A long time ago in oral cultures and when languages were formed into signs on palm manuscripts and sheaves of paper, perhaps even oral folk songs drifted into written traditions. Now, we have a poetic tradition that is an amalgamation of centuries of lived experience, part of cultural practices, shaping community hopes and aspirations, fears and joys, and festivities, enshrined in books for modern times. Alongside in song, we have access to voices, trapped and squeezed through helpful technology and broadcast through airwaves, records and tapes in an audiovisual digital world.
THE LARGE NUMBER of poems in this collection recalled for me, Archibald MacLeish’s injunction, “A poem should not mean/But be.” Housing poems from the year of India’s Independence, Gulzar gives us a symphony of voices: through lyrics small and beautiful and voices lilting and loud, as they speak in symphony on a diverse range of subjects.
Haldar Nag and Ilayabharati describe poetry as elixir and sunlight, respectively, reminding us how vital is this source of sustenance.

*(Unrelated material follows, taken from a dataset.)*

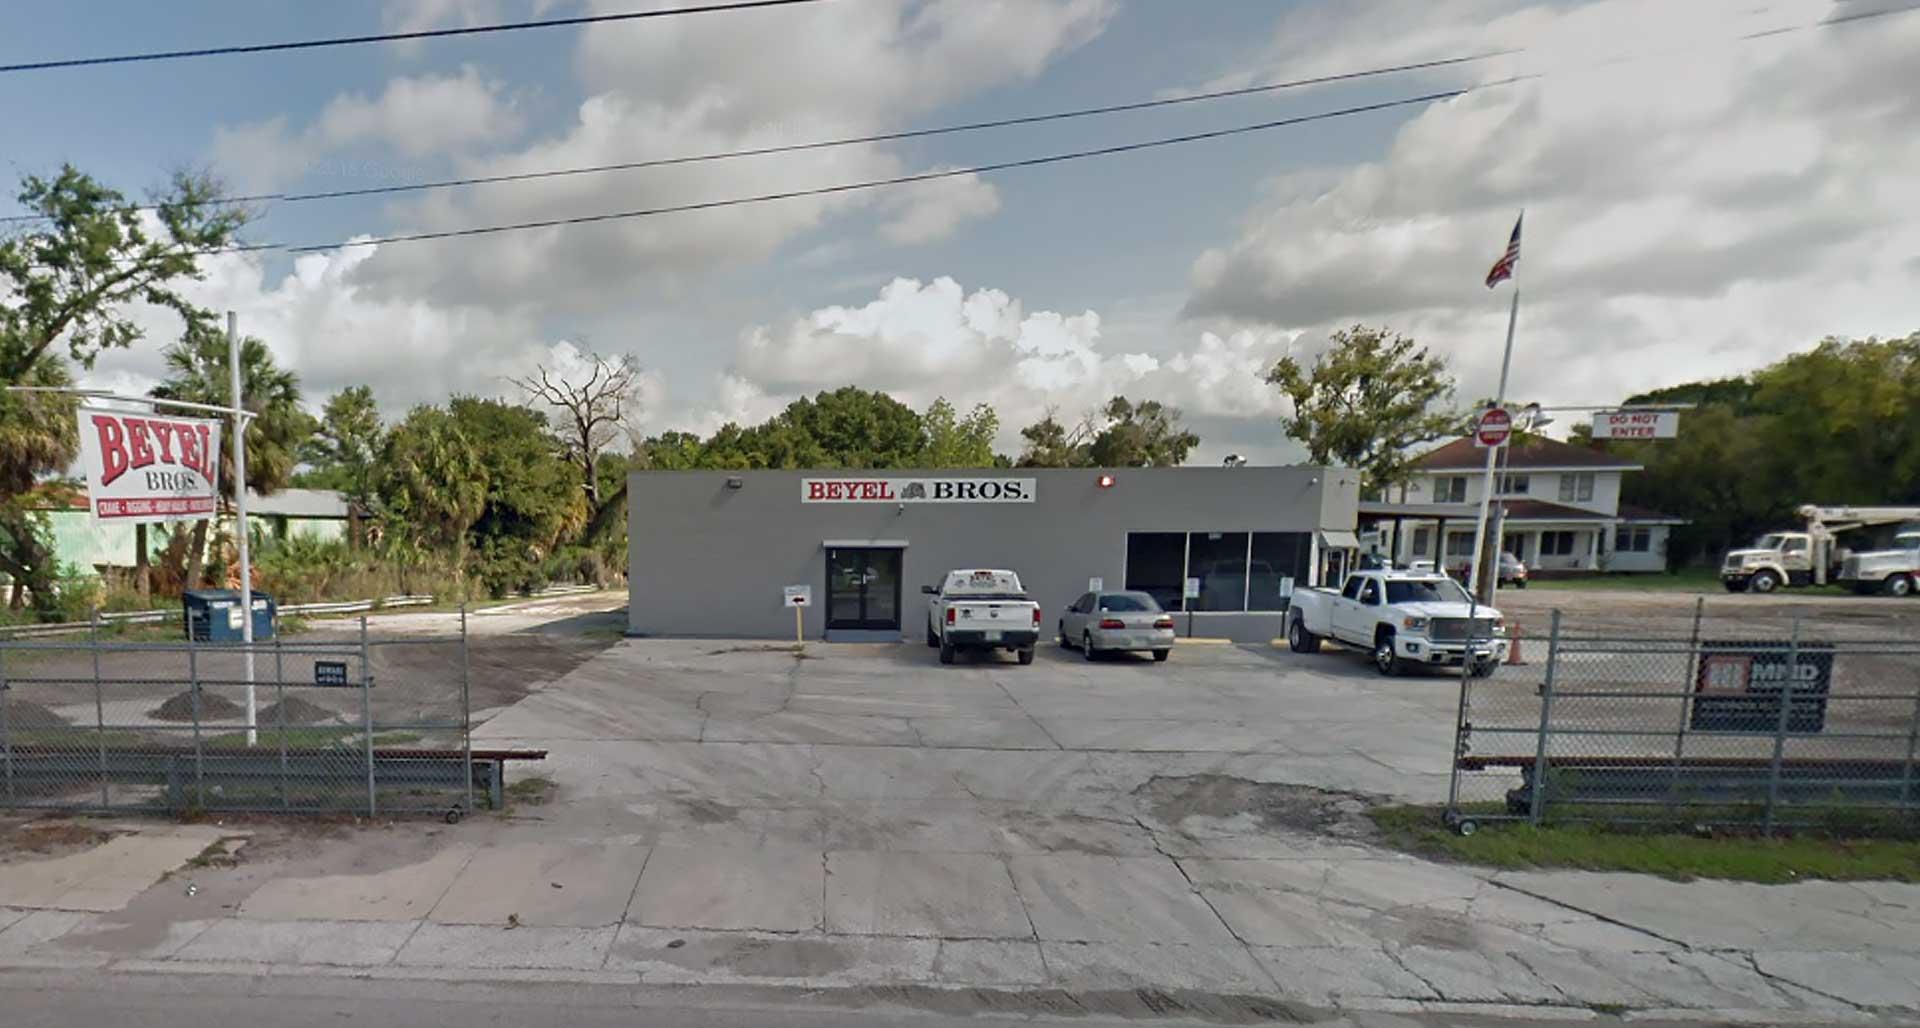 Beyel Brothers - Tampa, FL - www.beyel.com

The boundless human imagination has been molded and formed through time and history and today the repertoire that a poem unfurls in its tread is enormous. Poems are no longer hagiographic, epiphanic or dirgeful; they speak of the most banal, the terrifying and the sublime as well.
Jayanta Mahapatra’s requiem to Graham Staines chills the brain and numbs the heart, showing us how poetry falters and teeters in the face of visceral hatred and destruction. However, since human memory has a short span, the anxiety remains that over a period of time, countless renditions, subjective in their own contexts will no longer tease, evoke associations, recover memory, impinge upon the consciousness, sear the mind or illuminate the soul, and will become mere words on paper.

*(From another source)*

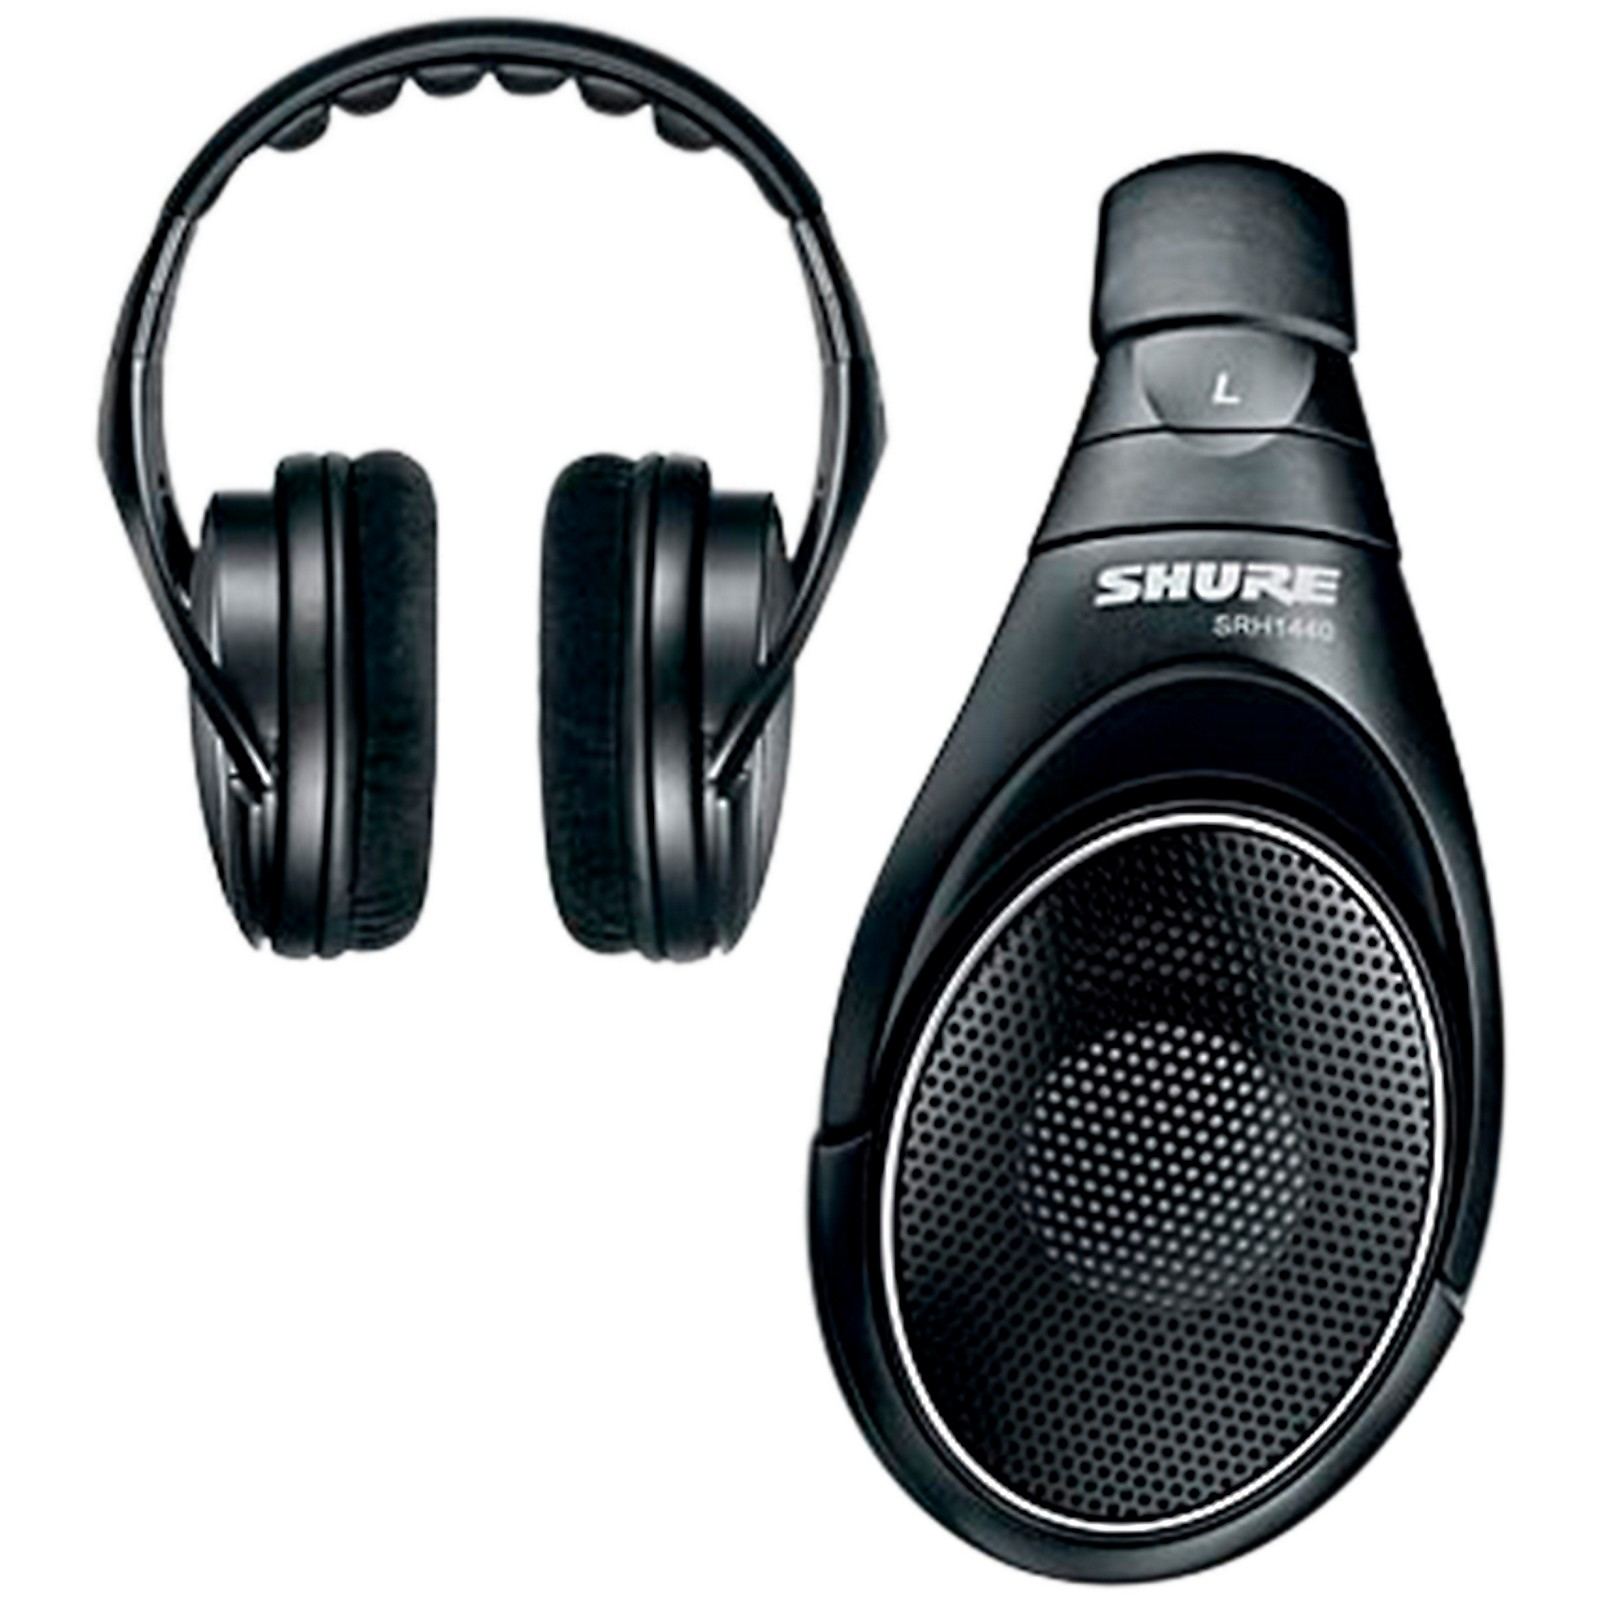 Open Box Shure SRH1440 Professional Open Back Headphones

As a public monument, is this democratic divorcing of poems from their contexts and histories necessarily a good idea?
We know very little about poets and after reading so many of them, there seems to be no way of tracking down any of them, should one poet fascinate and mesmerize more than the others. Each individual voice has somehow been honed and whittled down and made generic and while this could work well for a singular theme or for a school of craft or choir-persons, I am not entirely convinced that it is effective to flatten out disparate voices in a modern world where polyphonic poets reside in diverse languages.
The assumption that Hindustani is a preferable option for translation in comparison to the English when it comes to translating poems written in the multiple languages from the subcontinent, perplexes. Any language used in translation serves as a link language. Unless this book is the beginning of a series that will give us translations in all the 34 languages that originally comprised this poetic oeuvre by 279 poets, claims pertaining to the appropriateness of one Indian language, set up small convulsions of insularity and parochialism, which all of us, as lovers of languages, need to do without.
Perhaps, poetry, primed to address the higher functions of literature, association, memory, intentionality and renewal, both subjective and associative, does become rather ‘cabined, cribbed, confined’ when limited to a couple of tongues?
Living as we do in majoritarian times, we must tread softly, so that we do not set off an abrasive stampede that could bruise and hamper our plural bhashas. Could the book have retained the original untranslated poems in the English/Devanagari script, thereby providing access to magical new sounds, enchanting its readers with medleys of rhythms, allowing them to connect to the near and yet oft-neglected polyphonies of familiar Indian life?
Such experiments would lead us to another overwhelming question: Are such polyglot readers and listeners to be found anymore?
If they cannot be found, the answer blowing in the wind is that it is high time such readers are created! Perhaps in the interests of sustaining plurality, producers and publishers need to work towards creating texts in the near future for such audiences.